EXERCISE REQUIREMENTS - Nothing should appear in the answer except the lines from the one with "Фото мамочек в сексуальных платьях — 2" through the end of the listing below, transcribed exactly and without pictures.
──────
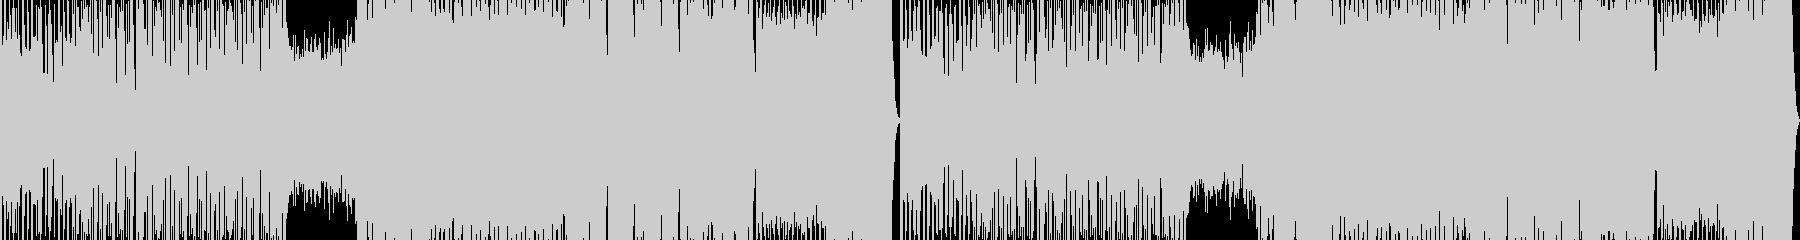 逆境からの挑戦・ループ、ゲーム・CMの未再生の波形
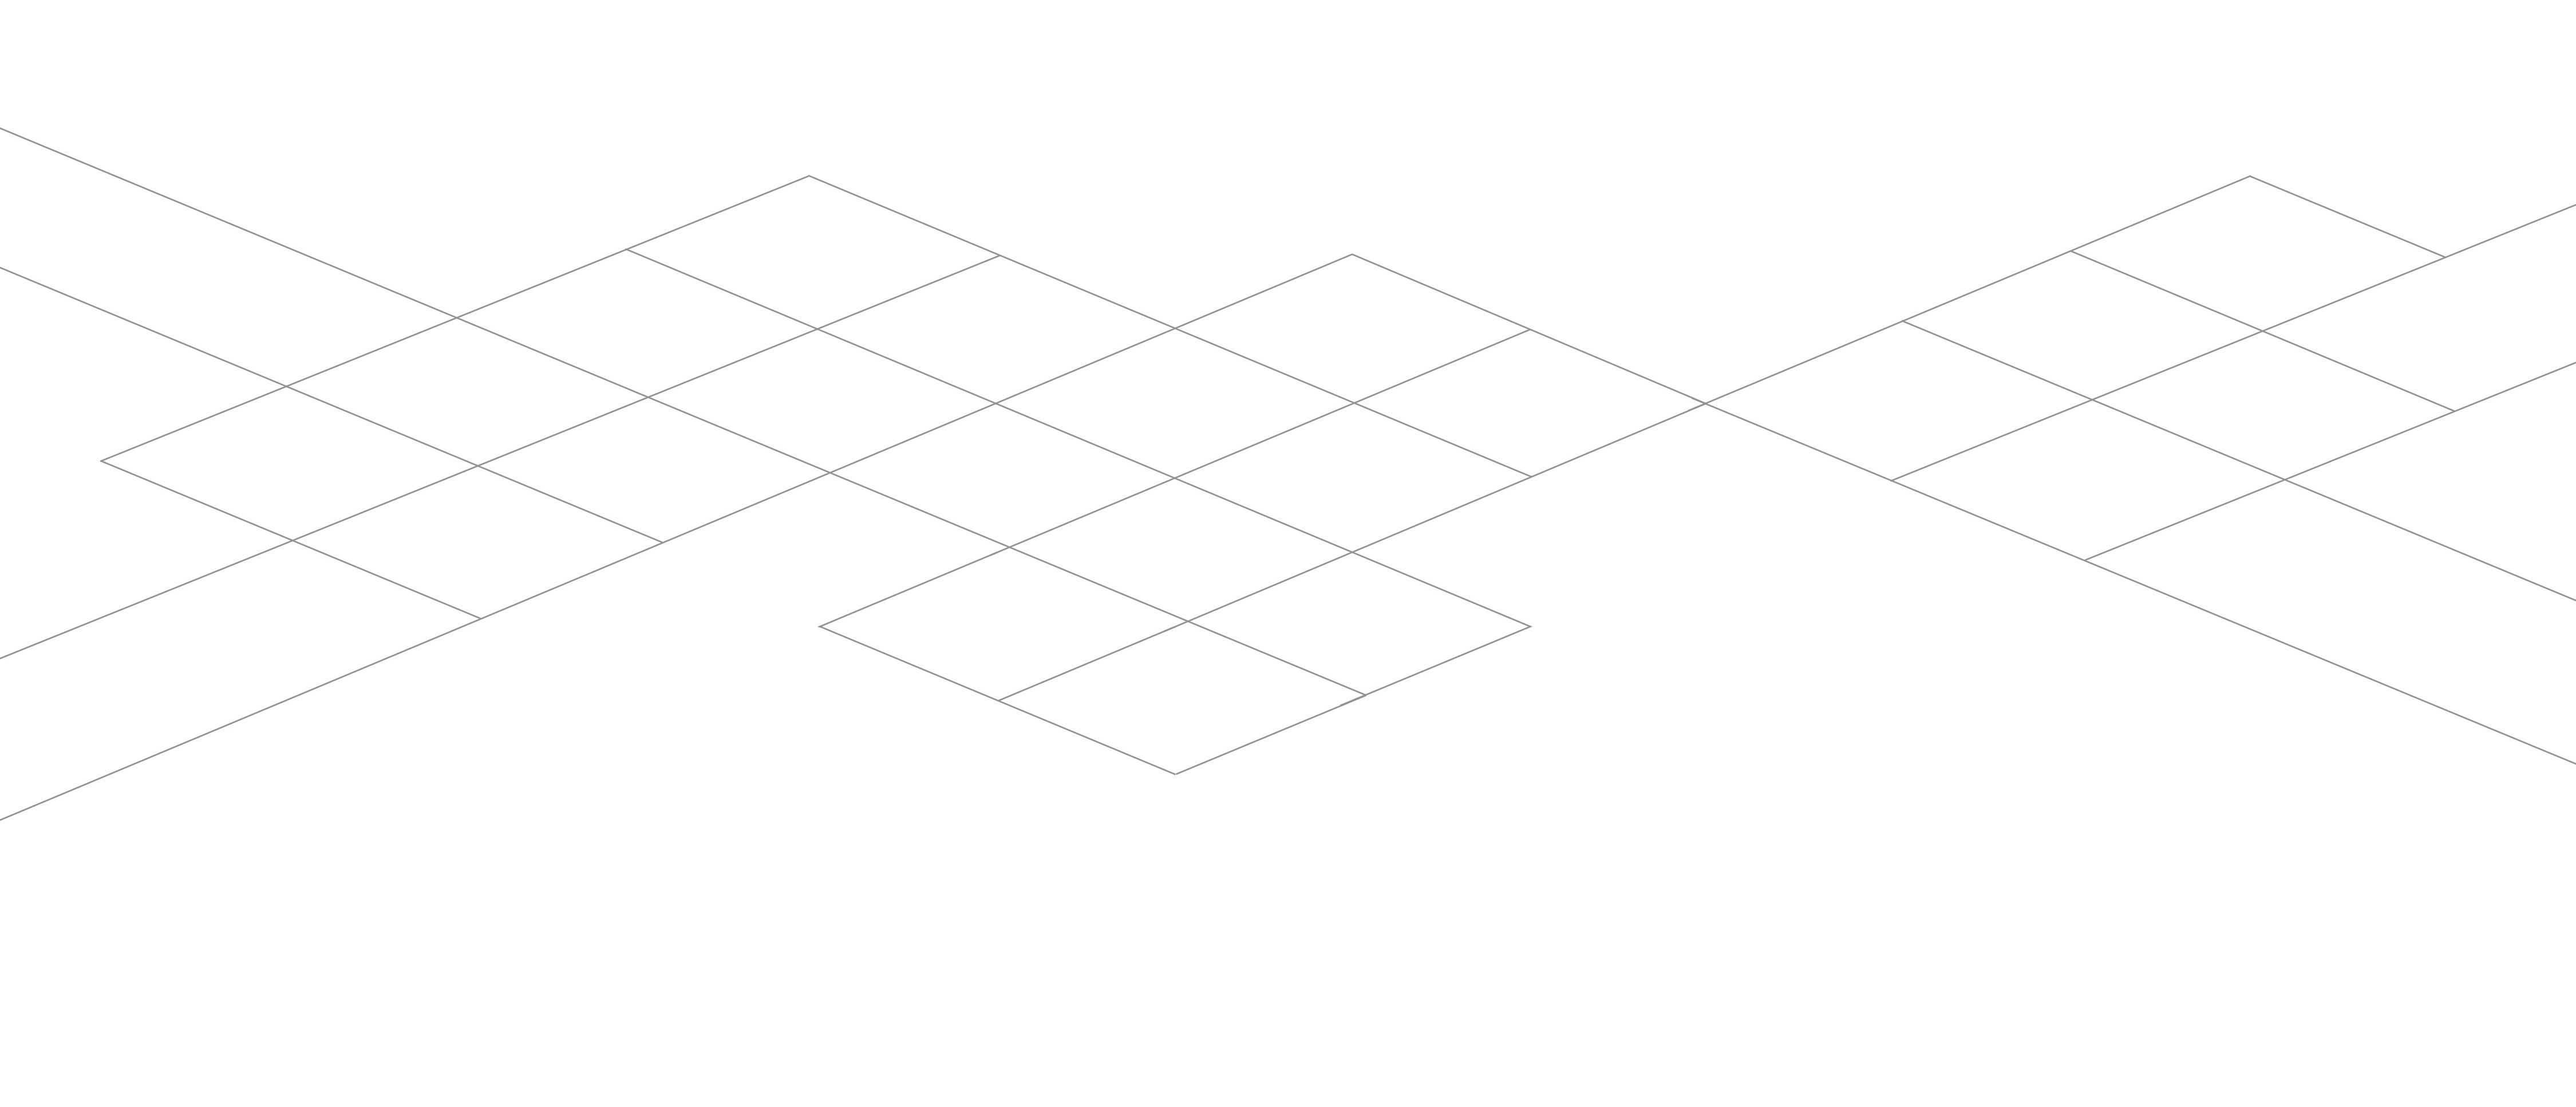 Die charakteristische Rautenform prägt das Brand Design und die Markenkommunikation von Blanke.
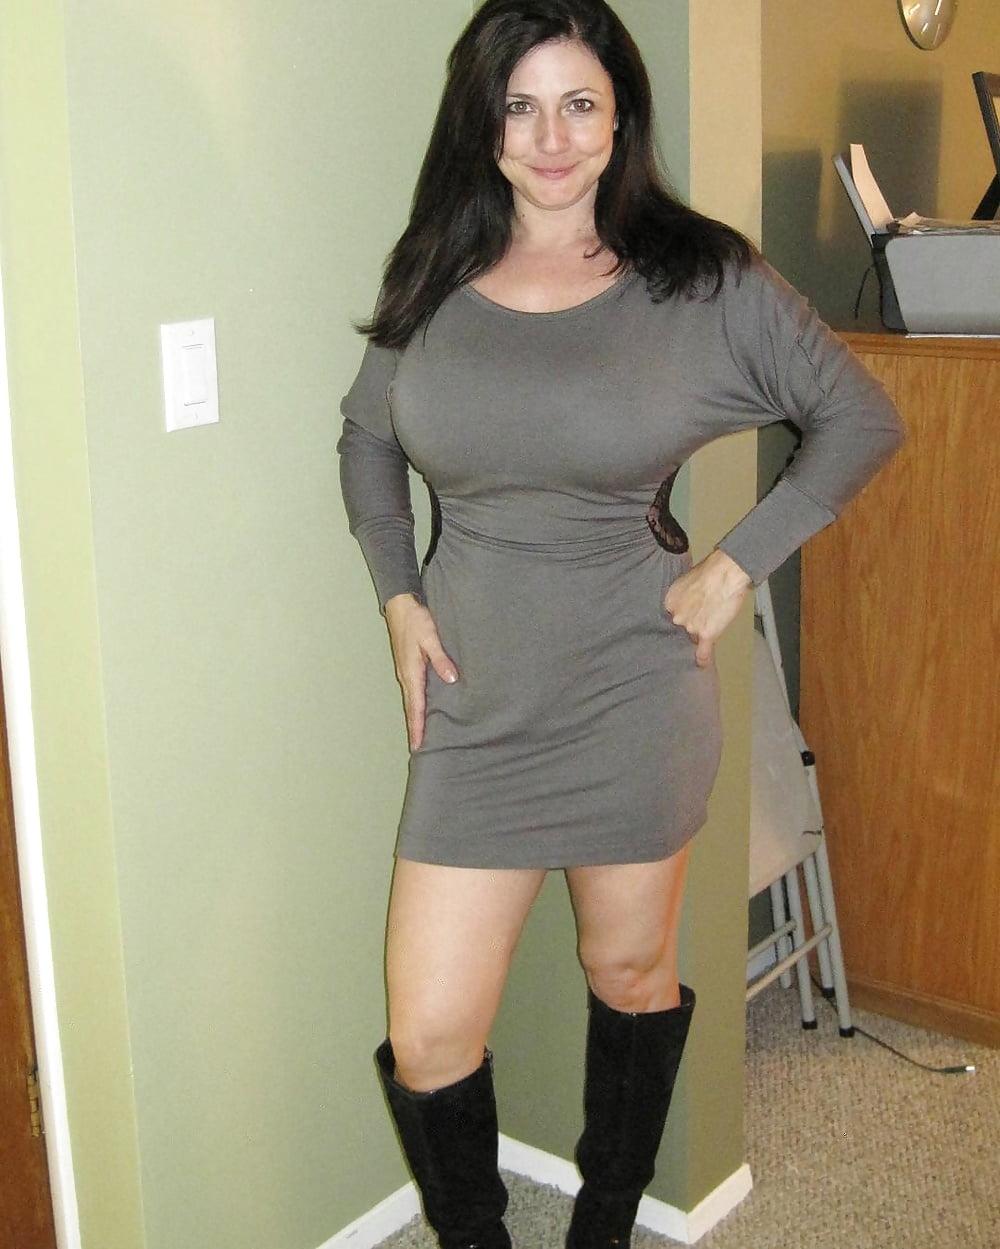 Фото мамочек в сексуальных платьях — 2
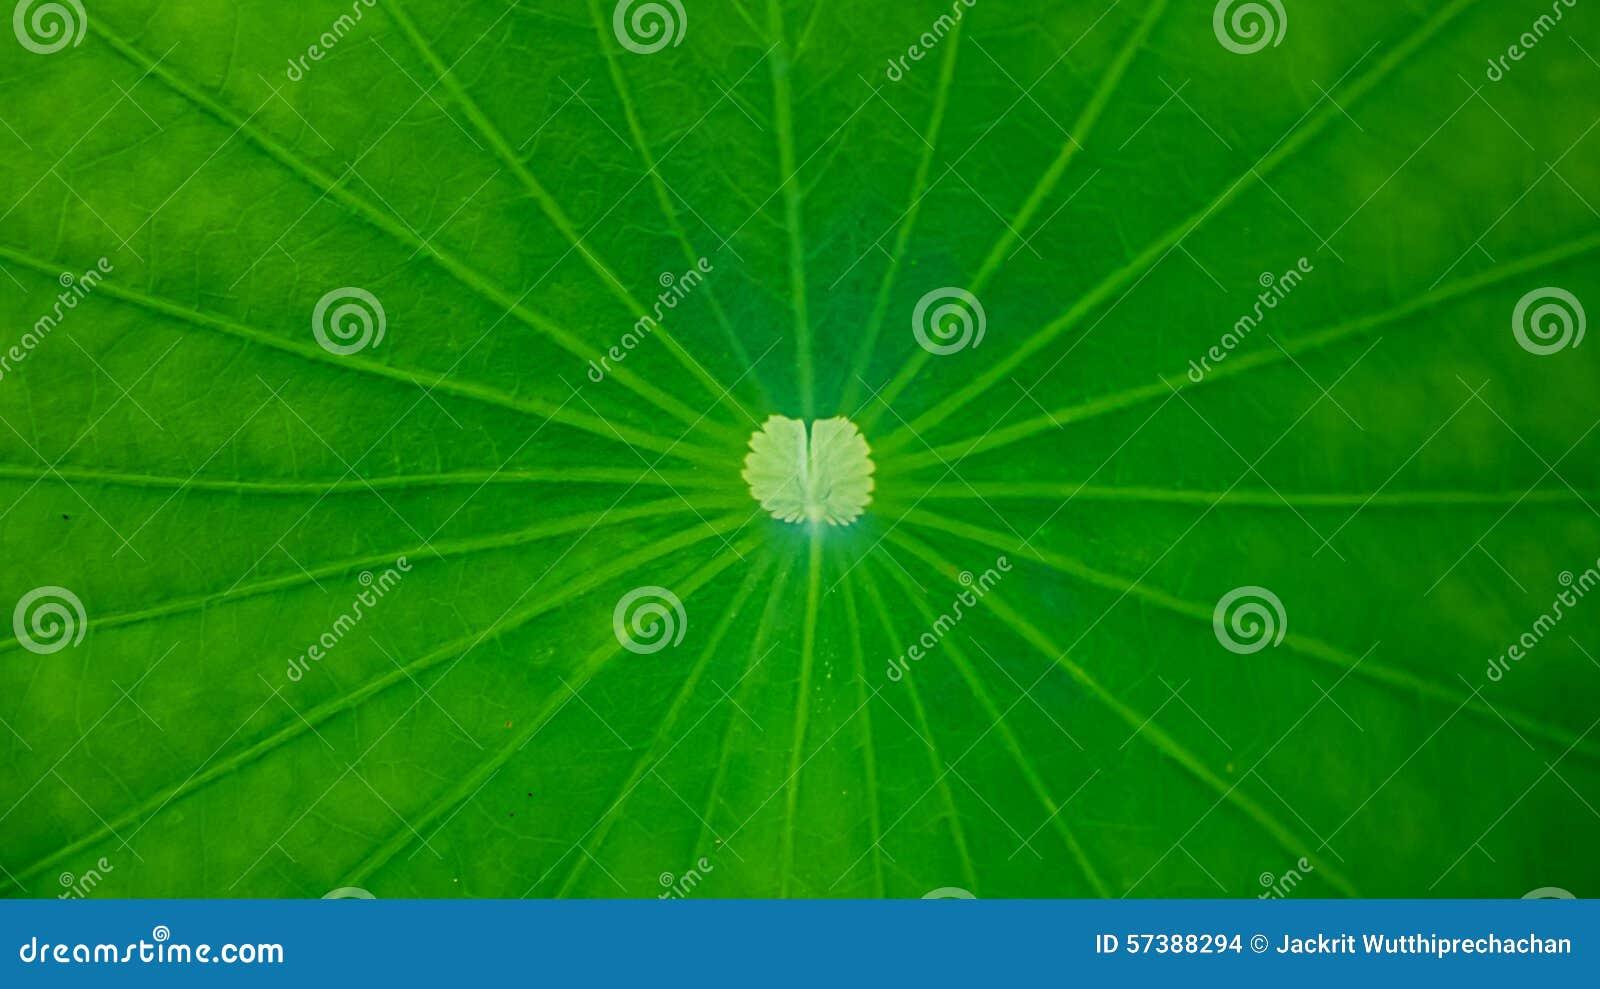 Groene Lotus Leaf Background
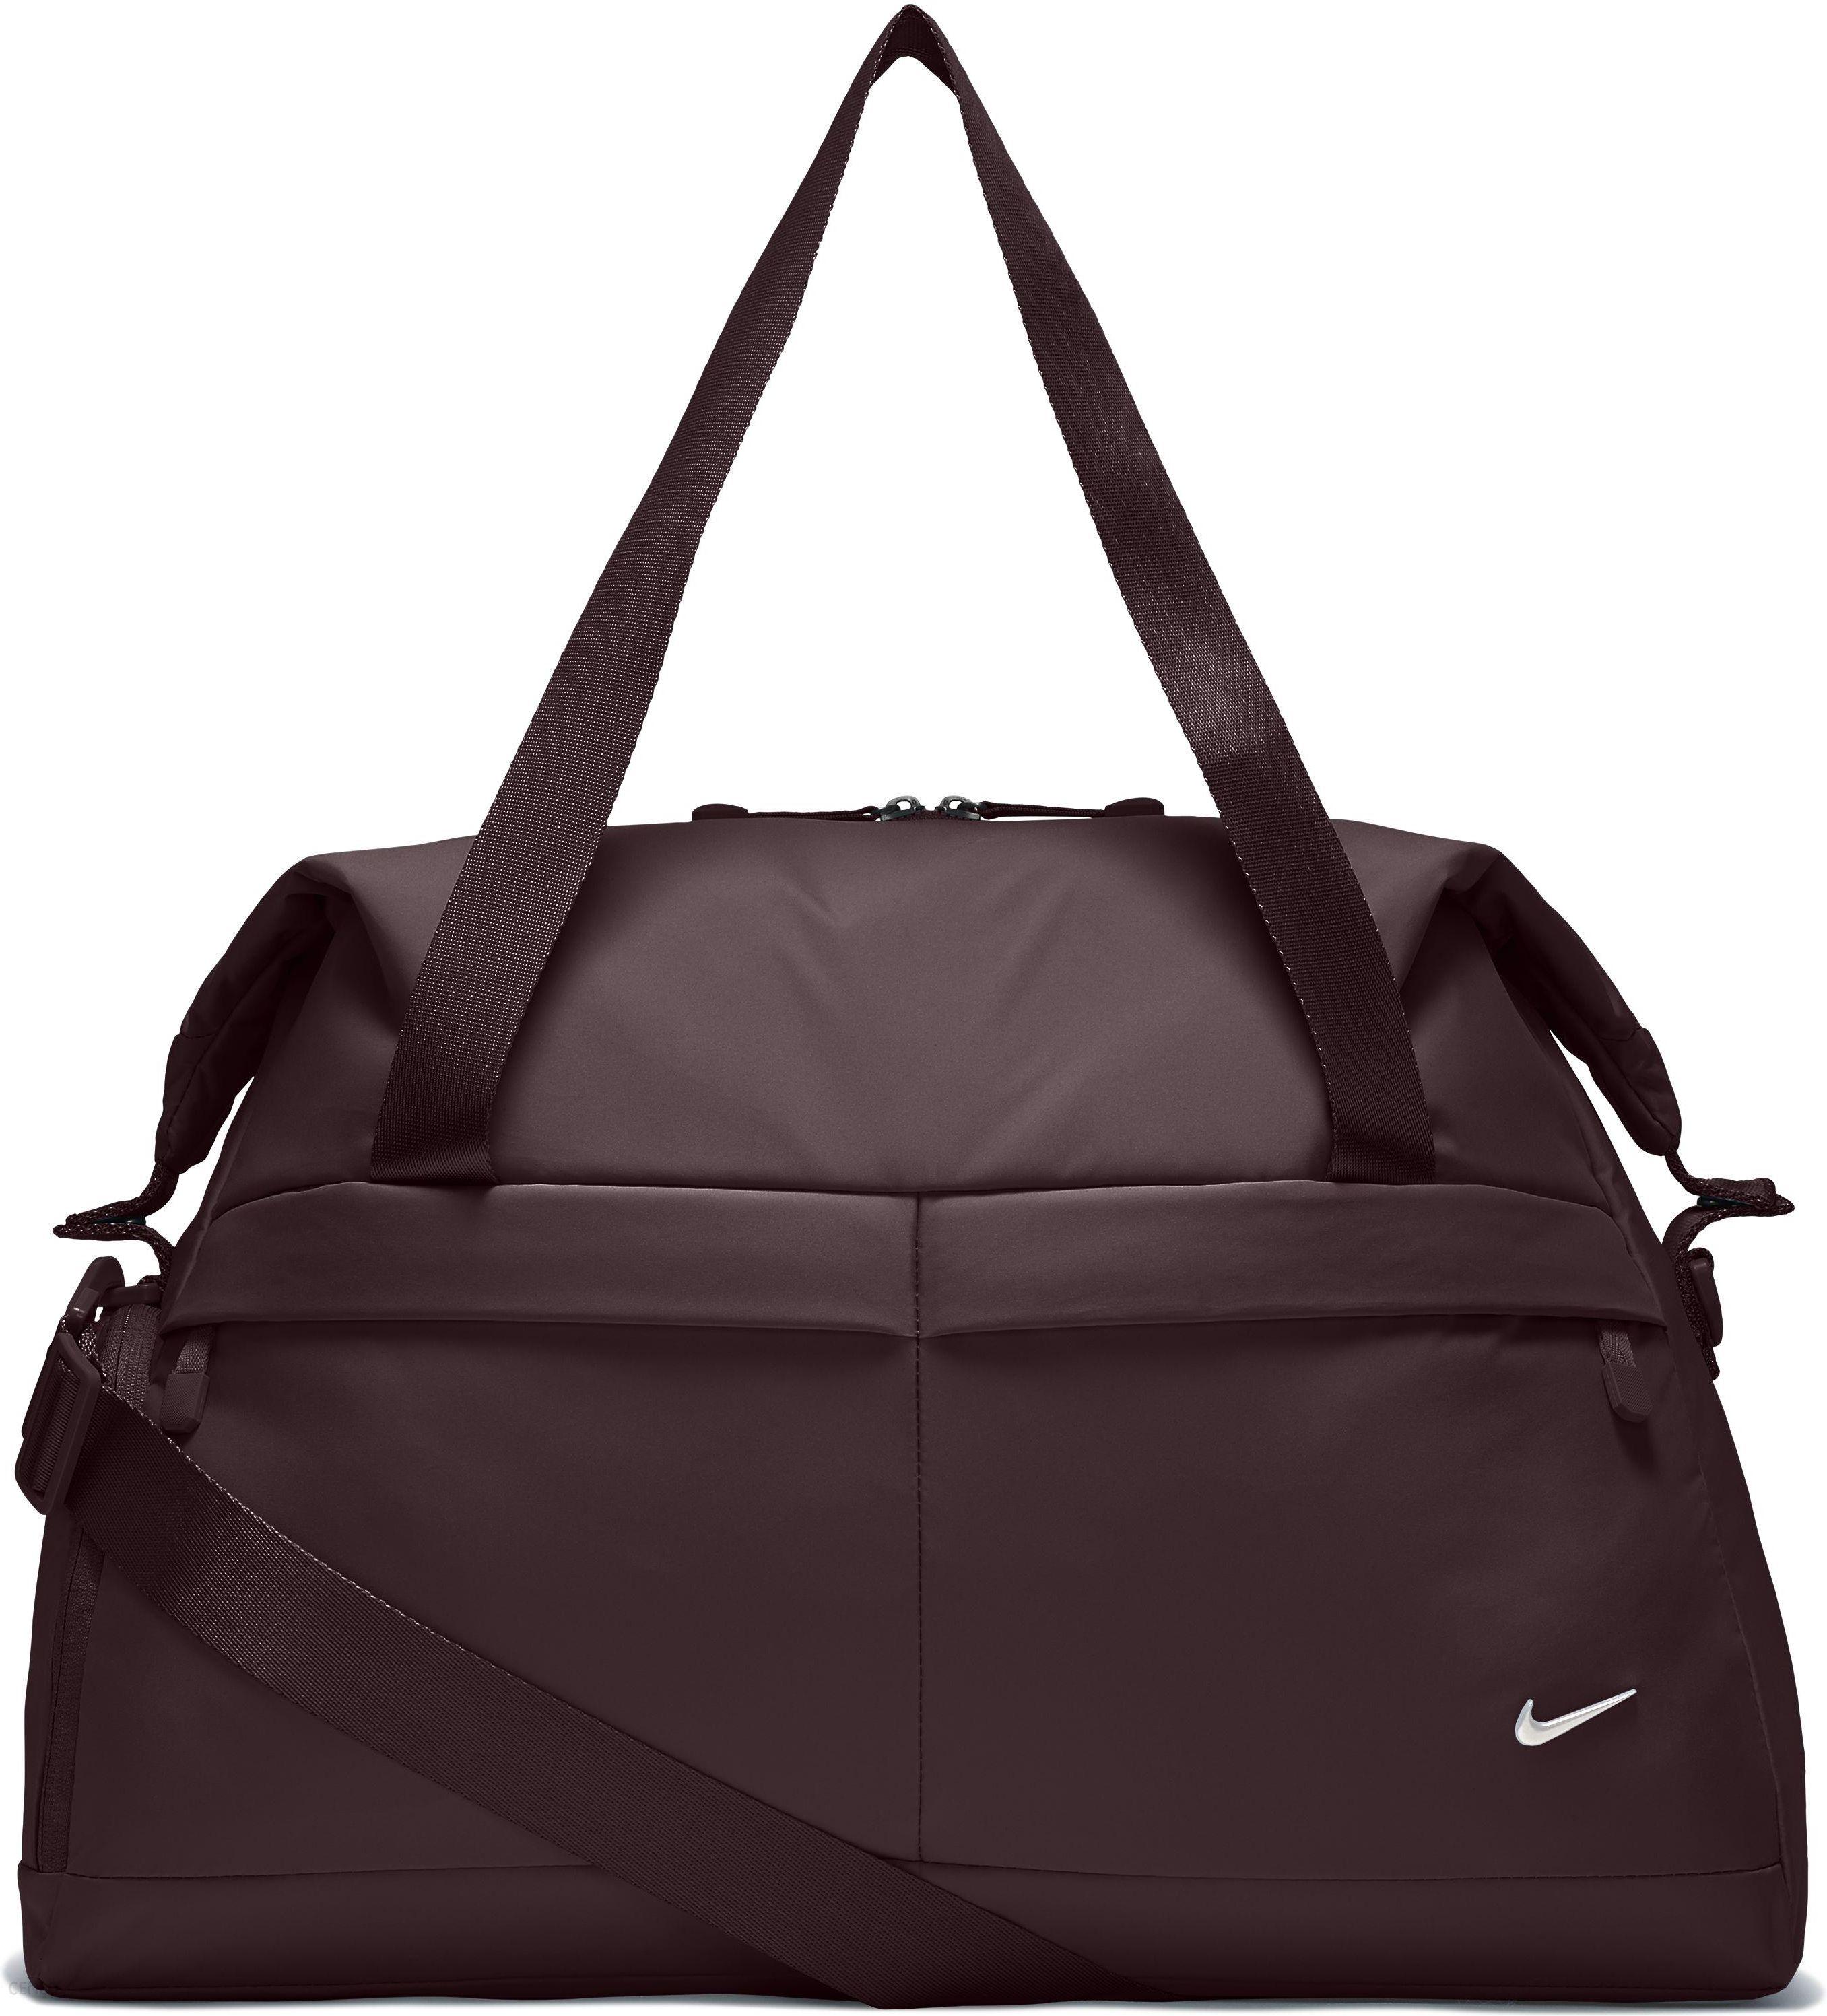 37660c61badbe Torba sportowa Nike Legend club training - Ceny i opinie - Ceneo.pl
──────
YOUR RESPONSE -
 Фото мамочек в сексуальных платьях — 2
 Groene Lotus Leaf Background
 37660c61badbe Torba sportowa Nike Legend club training - Ceny i opinie - Ceneo.pl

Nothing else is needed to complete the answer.